Nasional

Melalui Jalantara, Rais Aam PBNU Tegaskan Bahaya Sikap Imma’ah

NU Online  ·  Senin, 14 Juli 2025 | 11:00 WIB

Melalui Jalantara, Rais Aam PBNU Tegaskan Bahaya Sikap Imma’ah

Rais Aam PBNU, KH Miftachul Akhyar saat memberikan sambuatan dalam kegiatan Jelajah Turots Nusantara (Jalantara), Ahad (13/7/2025) di Kudus, Jawa Tengah. (Foto: NU Online/Saiful Amar)

Jakarta, NU Online

Rais Aam Pengurus Besar Nahdlatul Ulama (PBNU) KH Miftachul Akhyar menegaskan bahwa laten dari sikap imma'ah atau istilah yang lahir dari hadis Nabi Muhammad untuk menyebut orang yang tidak punya pendirian atau hanya ikut-ikutan.


Menurutnya, forum keilmuan seperti yang digaungkan dalam Nahdlatut Turots melalui program Jelajah Turots Nusantara (Jalantara) menjadi solusi dalam permasalahan tersebut untuk menjunjung tinggi ilmu pengetahuan sebagai fondasi dalam membangun peradaban.


"Itu orang-orang yang selalu perkataannya, manakala orang lain melakukan kebaikan, saya ikutan.
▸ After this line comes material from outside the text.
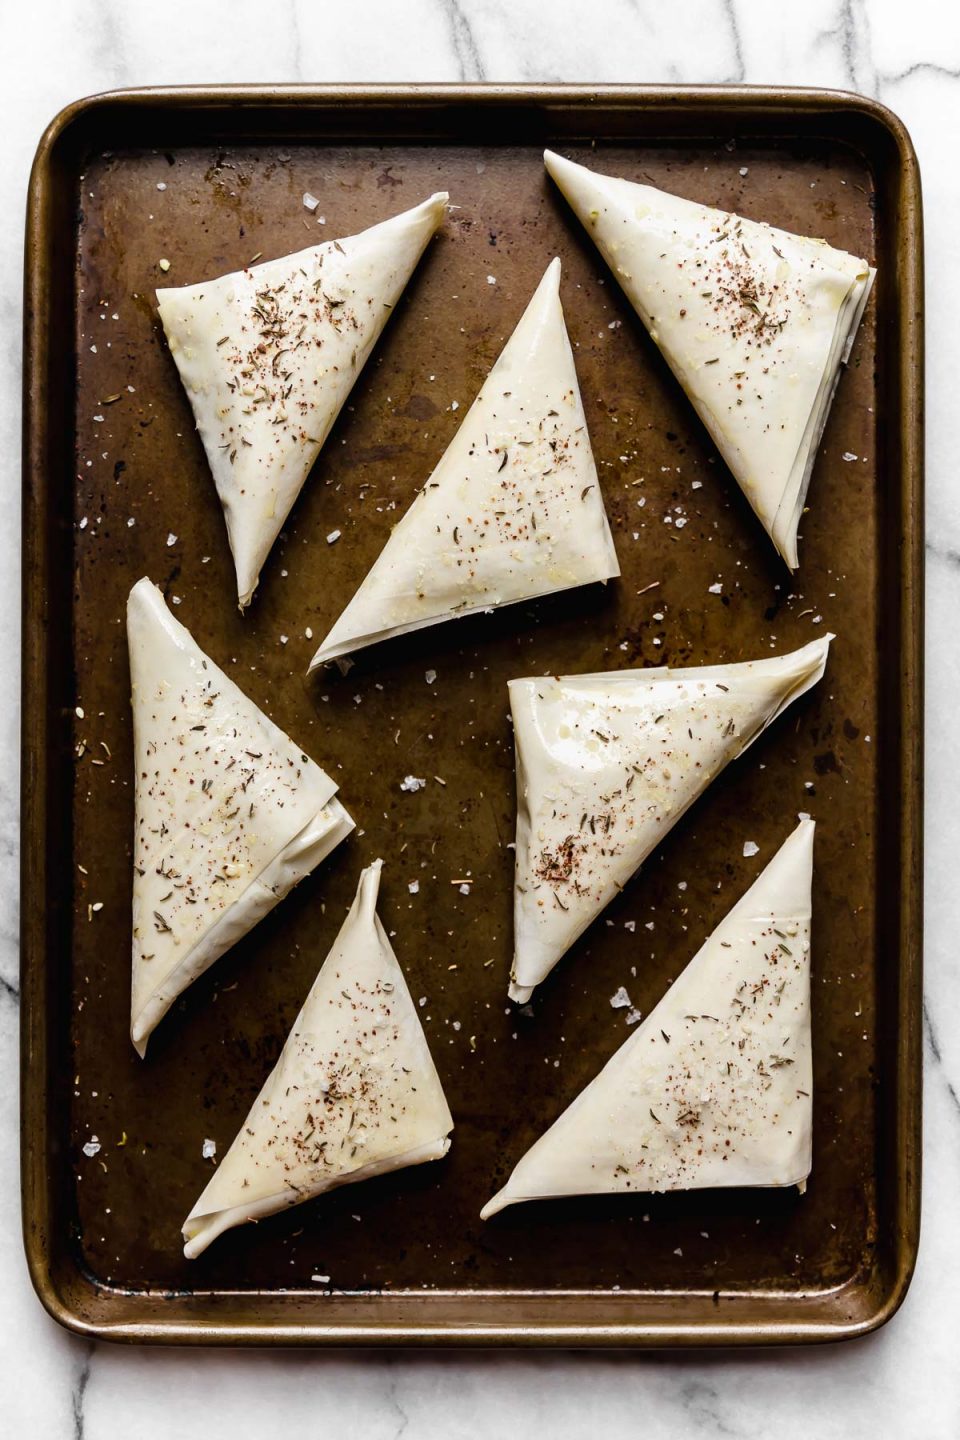 Unbaked spanakopita triangles arranged on a baking sheet.
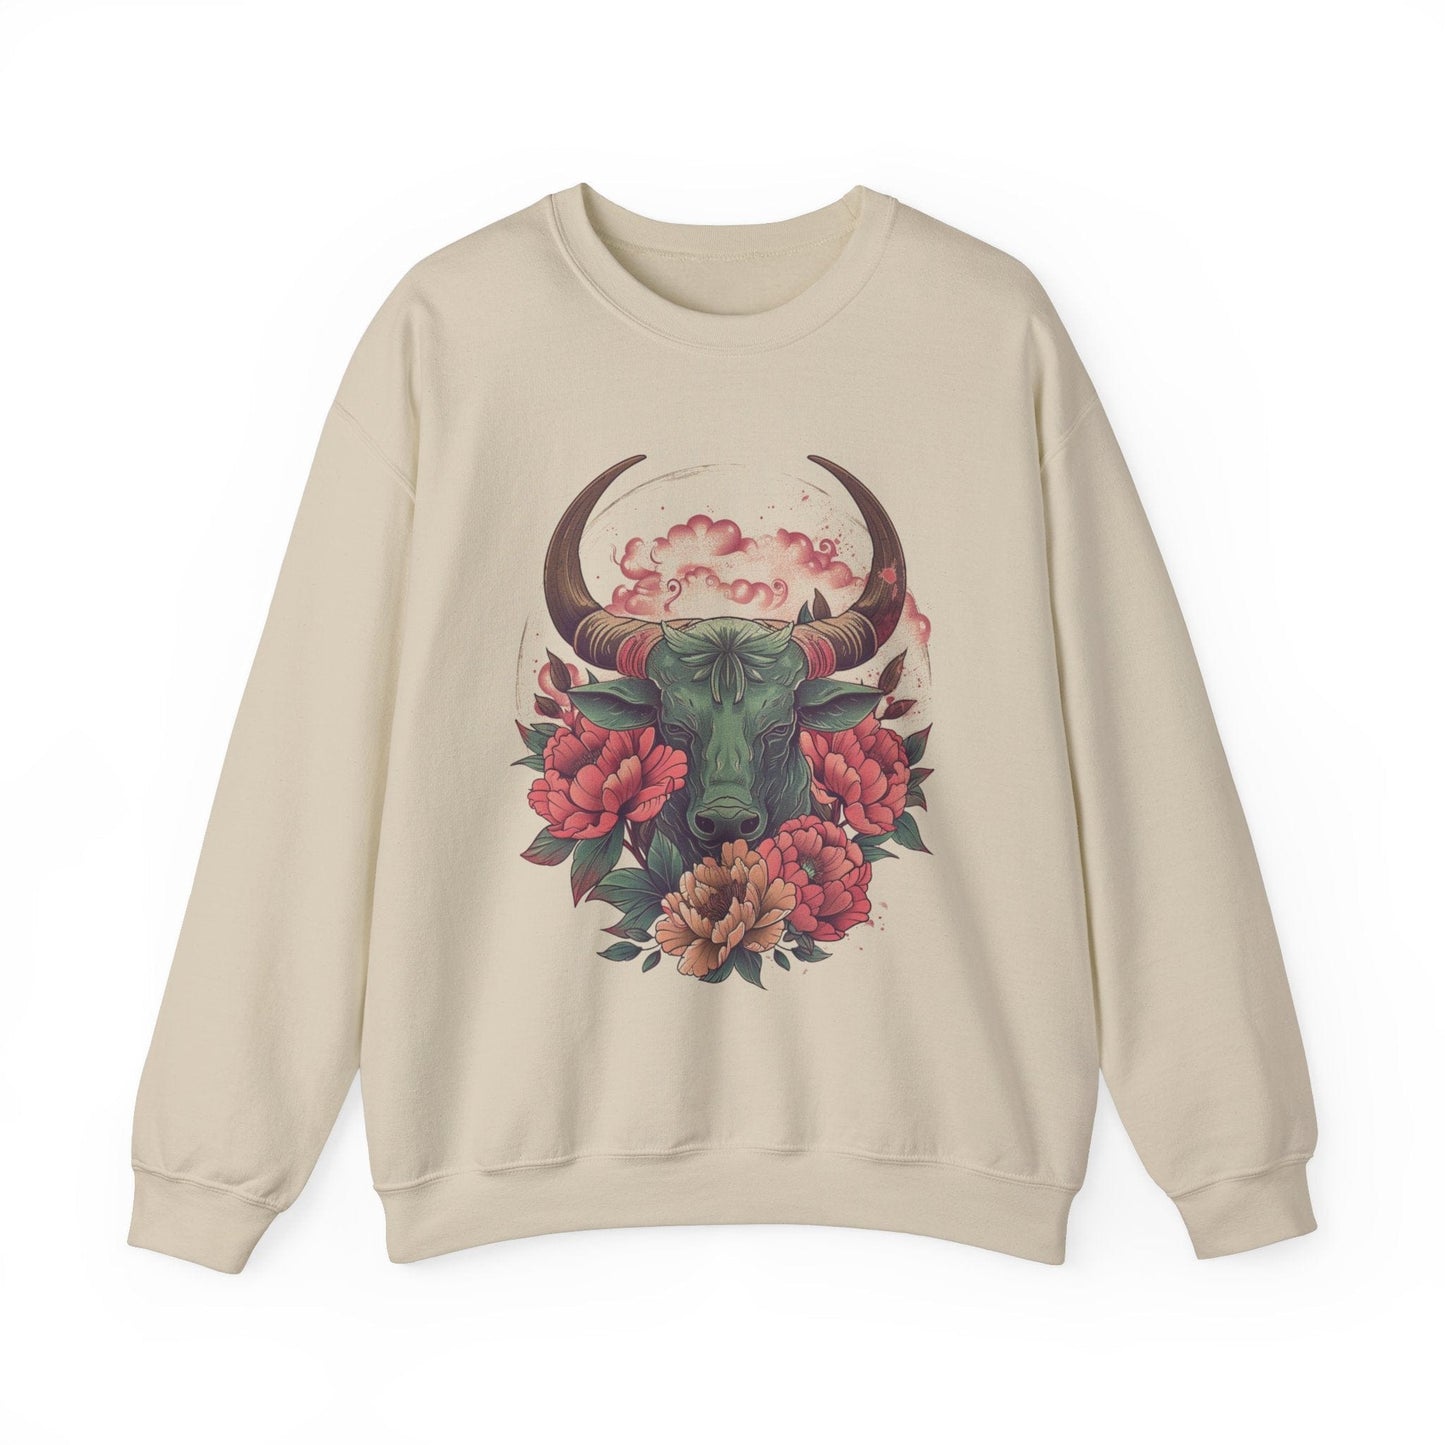 Sweatshirt S / Sand Taurus Floral Majesty Sweater

Sebaliknya kalau orang melakukan kejahatan, keburukan, saya tidak ketinggalan, ikut-ikutan melakukan. Ini namanya orang latah," kata Kiai Miftach menerangkan isi hadist saat Kick Off Jelajah Turots Nusantara (Jalantara) di Pelataran Menara Kudus, Kabupaten Kudus, Jawa Tengah, pada ahad (13/7/2025) malam.


Tak hanya itu, Kiai Miftach juga mengkritik fenomena kegemaran umat terhadap hal-hal viral dan perdebatan dangkal yang menggerus nilai ilmu dan sanad. Termasuk kegaduhan soal nasab, yang menurutnya telah dibingkai secara tidak bijak.


"Oleh karena itu, ulama kita selalu mengingatkan (bahwa) jangan kalian jadi kelompok-kelompok yang tidak punya pendirian, yang hanya ikut-ikutan gerudak-geruduk, sebab orang yang gerudak-geruduk, tidak punya pendirian, akan mudah diwarnai, akan mengikuti apa yang terjadi, apa yang dianggap aneh dan dianggap sesuatu yang luar biasa," jelasnya.


Ia juga memaparkan bahwa istilah Nusantara yang dikaitkan dengan julukan ulama atau santri bukanlah sekat atau mengategorisasi. Melainkan sebuah pemantik semangat bahwa bangsa ini punya sumber daya ilmu yang luar biasa untuk ditawarkan ke dunia. 


"Penting sekali kita bisa mengikuti dan mempelajari serta menghayati bagaimana keberhasilan ulama-ulama kita dulu seperti almarhum Syekh Abdul Hamid Kudus ini, agar lahir lagi ulama Nusantara sebagai baitsah untuk meniru, melahirkan Syekh Abdul Hamid Kudus yang lain," katanya.


"Mungkin ada di ruangan ini, yang akan melanjutkan dan akan menjadi Syekh Abdul Hamid Kudus pada abad selanjutnya," tambahnya.


Di kesempatan itu, Wakil Ketua Umum PBNU, KH Zulfa Mustofa, menjabarkan pentingnya turots atau karya tulis warisan keilmuan Islam dalam membangun peradaban, sebagaimana nasihat yang pernah disampaikan oleh Kiai Miftach kepadanya.


"Apa yang diminta oleh Rais Aam PBNU agar Nahdlatul Ulama jangan meninggalkan turots. Kalau kita berbicara membangun peradaban, maka peradaban kita tidak akan kuat tanpa kita membangun turots itu sendiri," katanya.


"Karenanya, dasar membangun peradaban kita, Nahdlatul Ulama harus membangun turots-turots dan menjaga turots-turots ulama kita yang itu adalah menjadi kebanggaan Nahdlatul Ulama. Kebanggaan Nahdlatul Ulama adalah turots-turots ini," terangnya.